1. ↑ ^{a b c d} Bernard Jousseaume: Organometallic Synthesis and Chemistry of Tin and Lead Compounds . In: Microchimica Acta . tape 109 , no. 1-4 , 1992, pp. 5–12 , doi : 10.1007 / BF01243203 (English). 
2. ↑ On Methplumbäthyl . In: Annals of Chemistry and Pharmacy . tape  88 , no. 3 , 1853, p. 318 , doi : 10.1002 / jlac.18530880318 . 
3. ^ ^{A b} Dodd S. Carr: Lead Compounds . In: Ullmann's Encyclopedia of Industrial Chemistry . Wiley-VCH, Weinheim 2005, doi : 10.1002 / 14356007.a15_249 .
4. ^ ^{A b} Christoph Janiak, Hans-Jürgen Meyer, Dietrich Gudat, Ralf Alsfasser: Riedel Modern Inorganic Chemistry . Walter de Gruyter, January 27, 2012, ISBN 978-3-11-024901-9 , p. 619–.
5. ↑ ^{a b c d} Toxicology of Working Materials by Hermann M. Bolt, Institute for Occupational Physiology at the University of Dortmund (IfaDo), 2005 (PDF file).
6. ↑ ^{a b} Axel Diefenbach: Heavy metals in the environment. In: chemryb.at. Retrieved October 18, 2015 .  
7. ↑ ^{a b} Christoph Elschenbroich: Organometallchemie . Springer-Verlag, March 9, 2013, ISBN 978-3-322-99393-9 , p. 200–.
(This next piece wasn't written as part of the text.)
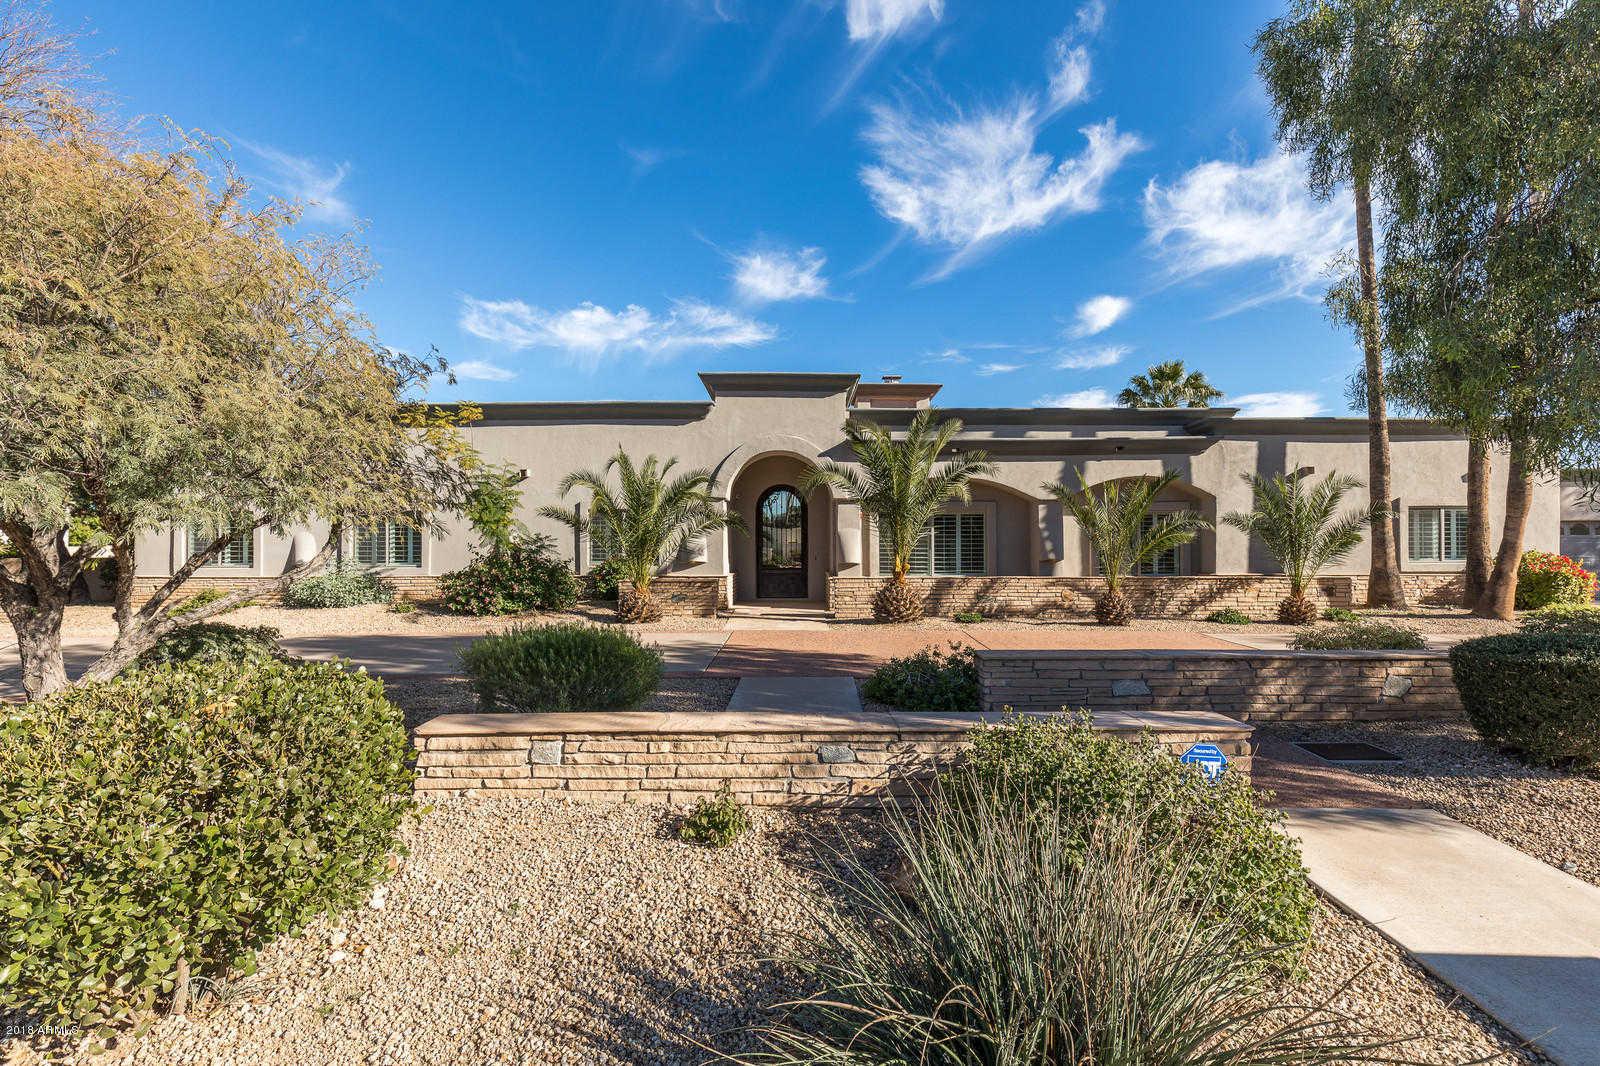 $1,360,000 - 6Br/5Ba - Home for Sale in Tatum Garden Estates 3 Lot 1-33, Paradise Valley

8. ^ AF Holleman , E. Wiberg , N. Wiberg : Textbook of Inorganic Chemistry . 101st edition. Walter de Gruyter, Berlin 1995, ISBN 3-11-012641-9 , p. 983.
9. ↑ Alfred Hirner, Heinz Rehage, M. Sulkowski: Environmental Geochemistry: Origin, Mobility and Analysis of Pollutants in the Pedosphere . Springer-Verlag, March 8, 2013, ISBN 978-3-642-93711-8 , p. 412.
10. ↑ Manfred Baerns, Arno Behr, Axel Brehm, Jürgen Gmehling, Kai-Olaf Hinrichsen, Hanns Hofmann, Ulfert Onken, Regina Palkovits, Albert Renken: Technische Chemie . Wiley, January 28, 2014, ISBN 978-3-527-67409-1 , pp. 687-.